You know, Teuila, I wish I could say yes. It’s probably less overt, but that doesn’t make it any less harmful or pervasive.
My own recent experience is a good example. I’m living in Christchurch now — I’ve abandoned my place in Wellington to come and look after my partner of 38 years. Ian is Pālagi and he had a stroke about three years ago. He also has Parkinsons, so we’ve had some ups and downs.
When we went to Christchurch Hospital after his stroke, it was like I didn’t exist. I was basically sidelined from being informed about my partner’s health. It wasn’t until I asked to see the charge nurse and told them I was a registered nurse that they spoke to me.
It’s the most blatant racism I’ve experienced in the 60-odd years I’ve been in New Zealand. I’m not surprised that happened. You ask any Pacific people who live here, they’ll tell you about the racism. But you can see why that kind of treatment would be a huge issue for many Pacific people, who won’t necesarily speak up — and how that would affect the quality of care they get.
What are you working on now?
My main work right now is different from anything I’ve done before.
Over the years, Leota and I have looked at different ideas, and we always come back to the fact that we’re often the ambulance at the bottom of the cliff. People are already so unwell when we see them — and particularly when they see Leota who works a lot in prisons and in forensic services.
Covid has made things tough for many families, and a lot of young Pacific people have asked for help with their mental health. We’ve found that children who drop out of school without qualifications are more likely to start using drugs and alcohol, and that can lead to violence and offending and ultimately ending up in prisons and other institutions.
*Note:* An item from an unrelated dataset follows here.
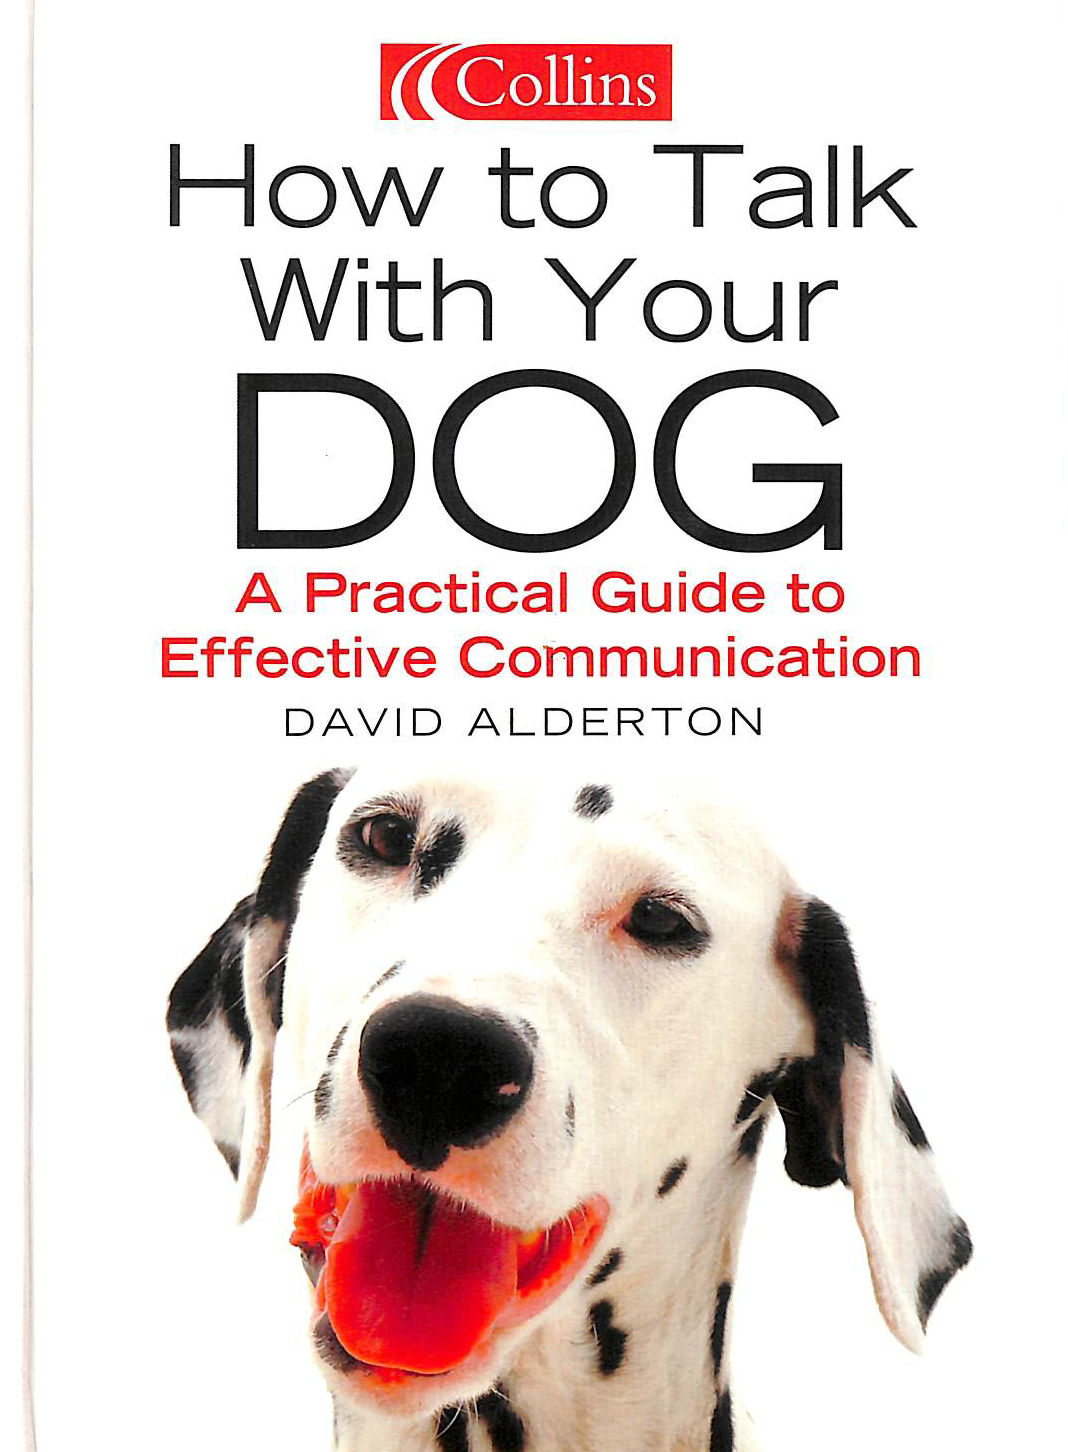 ALDERTON, DAVID - How to Talk with your Dog

So, we’re working with schools in South Auckland, including students and teachers at McAuley High School and Manurewa High School, as well as youth groups and community groups to identify early signs of mental health distress. And just this week, we launched a new model called Kalisi, which focuses unashamedly on Pacific women, specifically mothers, and their role in the lives of all Pacific peoples.
It’s about preventing mental health issues in our families. So we don’t end up at the bottom of the cliff.
It’s been a great talanoa. Fa’afetai tele lava, Fuimaono.
This interview was made possible by NZ On Air through the Public Interest Journalism Fund. It’s been edited for length and clarity.